The Insolvency Service Statistics – what do they say?
On 29 April 2015, the Insolvency Service released their latest statistics for quarter one of 2015. The statistics echoed what many had already predicted – further drops in company and personal insolvencies across England and Wales, and a suggestion that a more buoyant economic market is arising.
With the total company insolvencies at their lowest since the fourth quarter of 2007, (with 4,052 less than quarter four of 2014 alone) and personal insolvencies decreasing for the third consecutive quarter (to the lowest since quarter 4 of 2005), the statistics show an economic improvement, and perhaps even an increased awareness of the need to budget in todays turbulent society.
Whilst compulsory liquidations have increased for the first time since quarter 1 of 2014, suggesting a preference of compulsory liquidation by many companies over England and Wales, this is the only figure to have grown over the last quarter.

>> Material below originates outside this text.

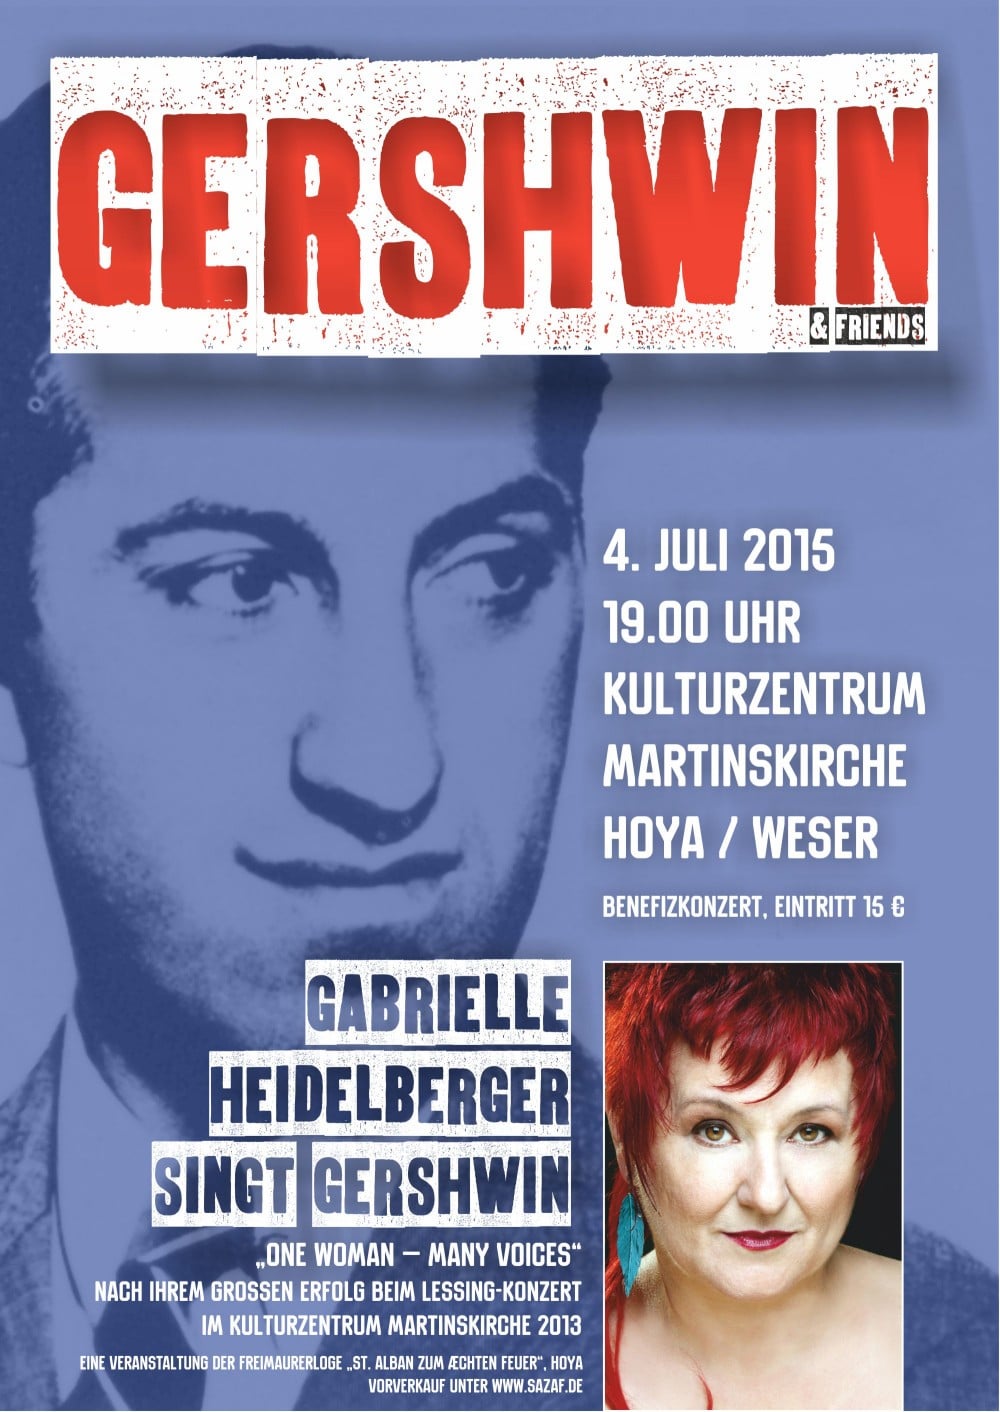 Plakat für das Gershwin-Konzert
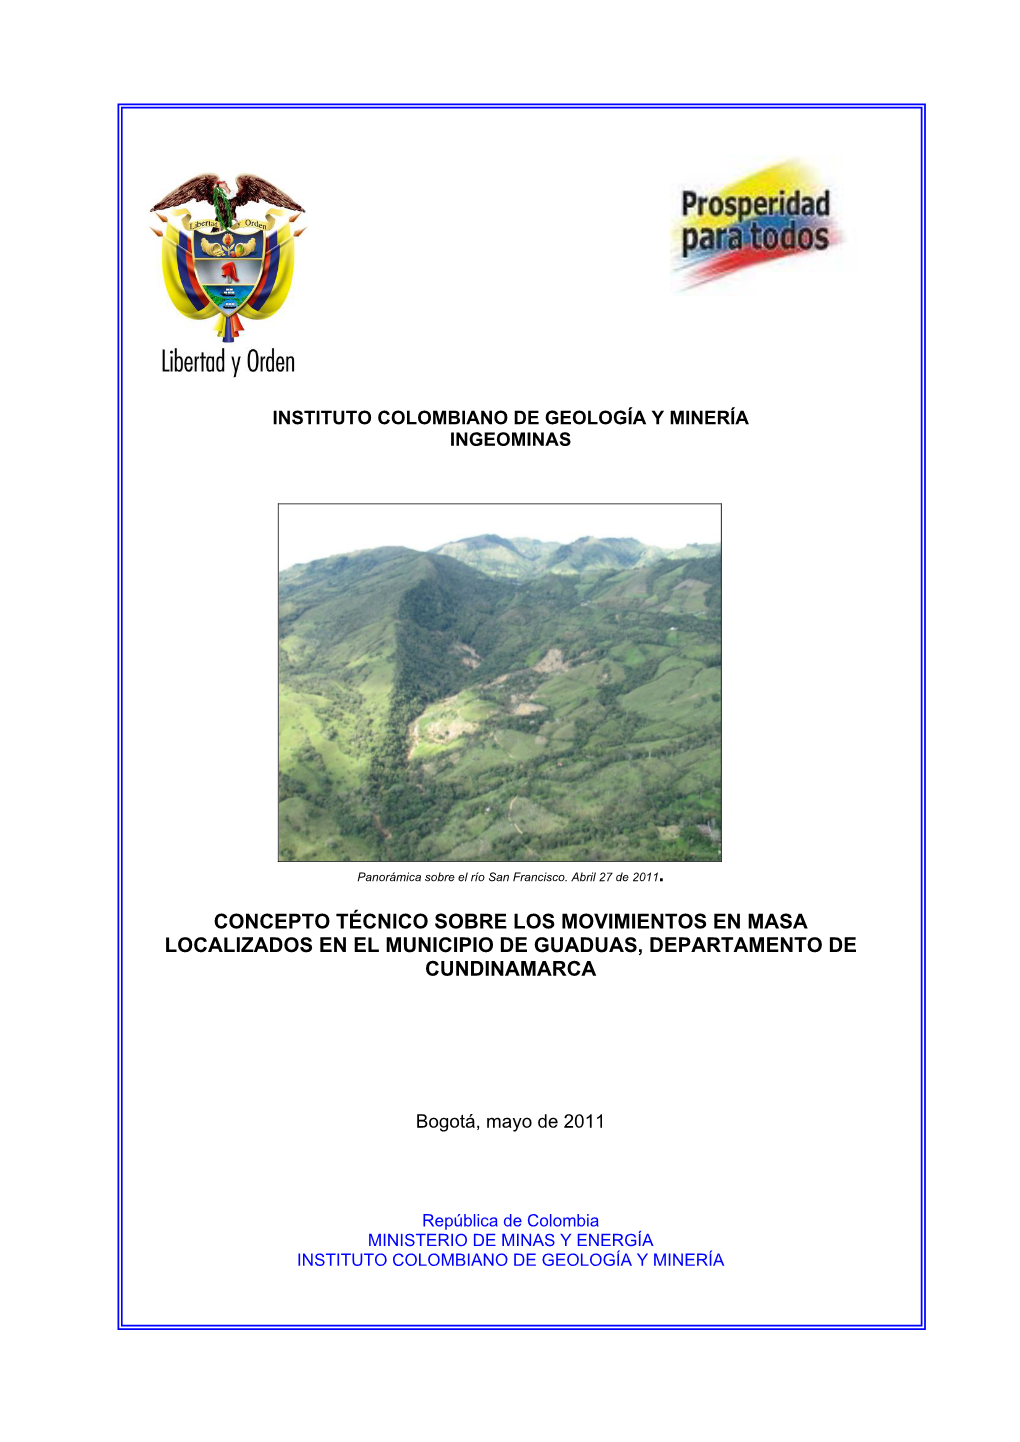 Concepto Técnico Sobre Los Movimientos En Masa Localizados En El Municipio De Guaduas, Departamento De Cundinamarca

The question is then, what happens next? Are the statistics a true representation of the current climate? And perhaps more importantly, are these statistics an accurate indicator of the forthcoming years?
Legislative Changes – October 2015
Further legislative changes are due to come into effect in October 2015. These changes raise the threshold debt required for a creditor’s bankruptcy petition from £750.00 to a debt owed of at least £5,000 and also make various changes to the eligibility criteria for debt relief orders.
Serving a statutory demand and subsequently threatening bankruptcy has long been used as an instrument to obtain payment where the debt is not in dispute. However, once these changes have been implemented and the debt is lower than £5,000, this option will no longer be available to those seeking to recover funds.
According to Giles Frampton, the former President of R3 (the insolvency trade body), “The changes will make it much easier for indebted individuals to deal with their debts effectively . . . £750 was an entirely inappropriate level”. This attitude is unlikely to be reflected by those owed funds however, who will instead be encouraged to make a claim with the Court; obtaining a judgment in their favour and enforcing it accordingly. On this basis, it seems logical to say that figures for bankruptcy are likely to drop over the next few years.
What can Creditors do to deal with these changes?
There are, of course still various options available to those seeking to recover outstanding sums. The route most likely to be encouraged by insolvency practitioners is that of issuing a claim with the County Court. Once issued (and if there is no dispute or the claim is not defended) a creditor will obtain judgment in their favour, upon which they can act and enforce for example, by instructing Court Bailiffs or High Court Sheriff’s to take control of goods, or applying for an Attachment of Earnings order.
What happens next?
Given the continuing trend of decreasing statistics, we must consider what may happen next in the realm of debt recovery. Whilst figures suggest positive changes for debtors, the position of creditors is perhaps a little more uncertain, with alternative methods of recovery being encouraged.
Nevertheless Graham Bushby, Partner and National Head of Restructuring and Recovery at Baker Tilly comments that, “the statistics don’t really tell the whole story as there are many companies still experiencing financial distress and a number of reasons why we could see insolvency levels rising again within the next one to two years”. Clearly, many experts believe that these low figures are merely a ‘blip’ and anticipate that numbers may again soar over the next few years.
Richard Woolhouse of the British Banking Association explores one of the reasons for this. “There appears to be broad confidence about the economy, which the banks are supporting through affordable credit, leading to rises in borrowing across the board”. With the market picking up, there is an overwhelming risk of overtrading, with companies keen to capitalise on the changes. Directors need to ensure they avoid getting their companies into financial difficulty once more.
Moreover, whilst many companies are repaying their outstanding debts, this is being done on an interest only basis. This avoids them entering into insolvency procedures, but means that they also fail to pay off any capital.
Finally, there has been a trend for banks to sell off their non-core bad debt books to private equity groups. Whilst working through book debts, there has been a prioritisation of companies from whom the bank can realise assets first. However, as time passes and the focus shifts to more distressed companies, there may be no alternative but to enter them into insolvency procedures.
Obviously only time will tell if the Insolvency Service statistics will again increase. Following a Coalition government who saw a record high of personal insolvencies in 2010, turning things around to produce figures at their lowest since 2005 at the end of their term, it is expected that the Conservatives will want to continue to see figures fall. Nevertheless, if predictions are true, insolvency practitioners may once more find themselves extraordinarily busy before they know it.